I can see the point of view that if the dad hears it from the school, he’ll understand they mean business. But as a teacher, I don’t necessarily think it’s the best idea for the teacher to explain anything other than the consequences of the son’s actions. It’s not our job to tell people how to raise their children. It’s the mother’s job to get her husband on board with how to parent. As teachers and administrators, we can only enforce the rules and give consequences when they are broken. The dad needs to get his head out of his ass and realize that children that age mimic what they see like crazy. He also needs to start living each day by the mind-set that he’s a role model for his son in all that he does and that his son sees and hears everything.
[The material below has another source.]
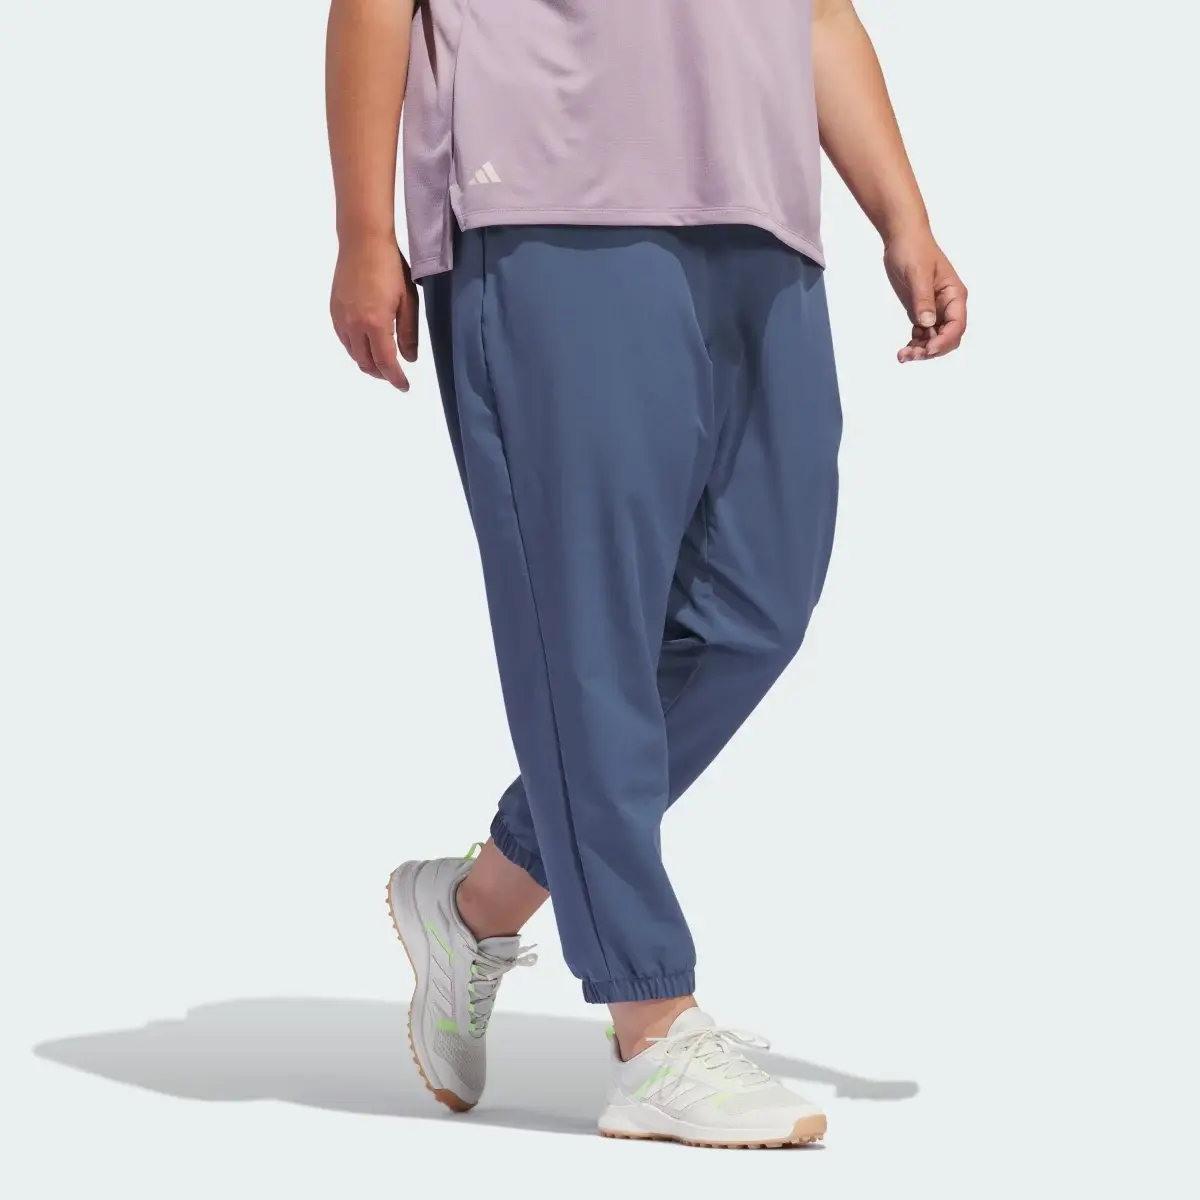 Adidas Spodnie dresowe Women's Ultimate365 (Plus Size). 3
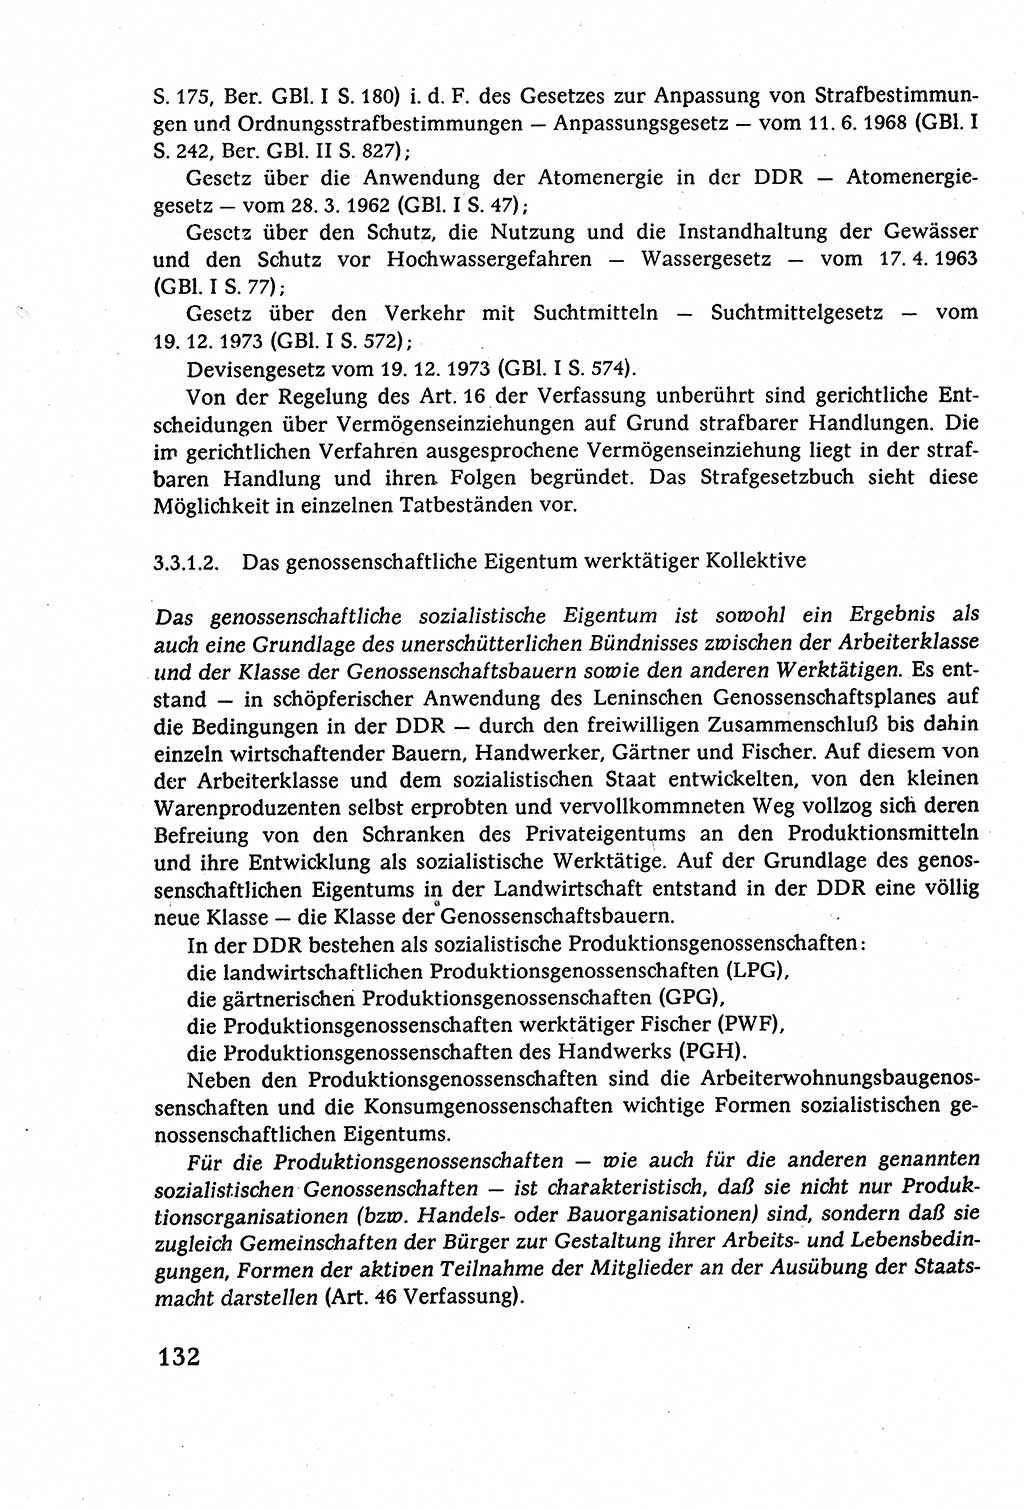 Staatsrecht der DDR (Deutsche Demokratische Republik), Lehrbuch 1977, Seite 132 (St.-R. DDR Lb. 1977, S. 132)

It’s the mom’s place to tell him that, not ours. 

Post # 13
Member
2302 posts
Buzzing bee
  • Wedding: June 2015

bride21:  your 4 year old’s idea of playtime involves shooting toy guns and killing his sister? i would say it’s time for some new toys that are constructive and positive, that don’t prioritize violence and killing people. he’s four! 

also – why is your husband playing those types of games around your kids? shouldn’t he be doing something WITH them instead of playing violent video games and screaming? maybe you could look into some games everyone could play together, like wii etc or some family activities like board games, soccer etc. your husband should be saving those video games for when the kids aren’t around. there’s a reason they aren’t rated for 4 year olds. 

i’m sorry this is happening but it’s definitely time to make some constructive rules for your family and think about how their leisure time is going to impact them. time spent pretending to kill people isn’t time well spent in my opinion. 

Post # 14
Member
10489 posts
Sugar Beekeeper
  • Wedding: January 2011

While I agree that your DH should curb some of the words he uses while your son is around, but I also think your son needs to learn there are situational rules.  Everything that is allowed at home isn’t necessarily allowed a school.  Adults are allowed to do some thing that he is not.

Post # 15
Member
703 posts
Busy bee

bride21:  ban the video games while the kids are up as that seems the root of the problem. I don’t understand grown ups that play video game anyway how do they have the time after work and everything else?! Most of these games are for over 18’s so your kids shouldn’t be anywhere around this.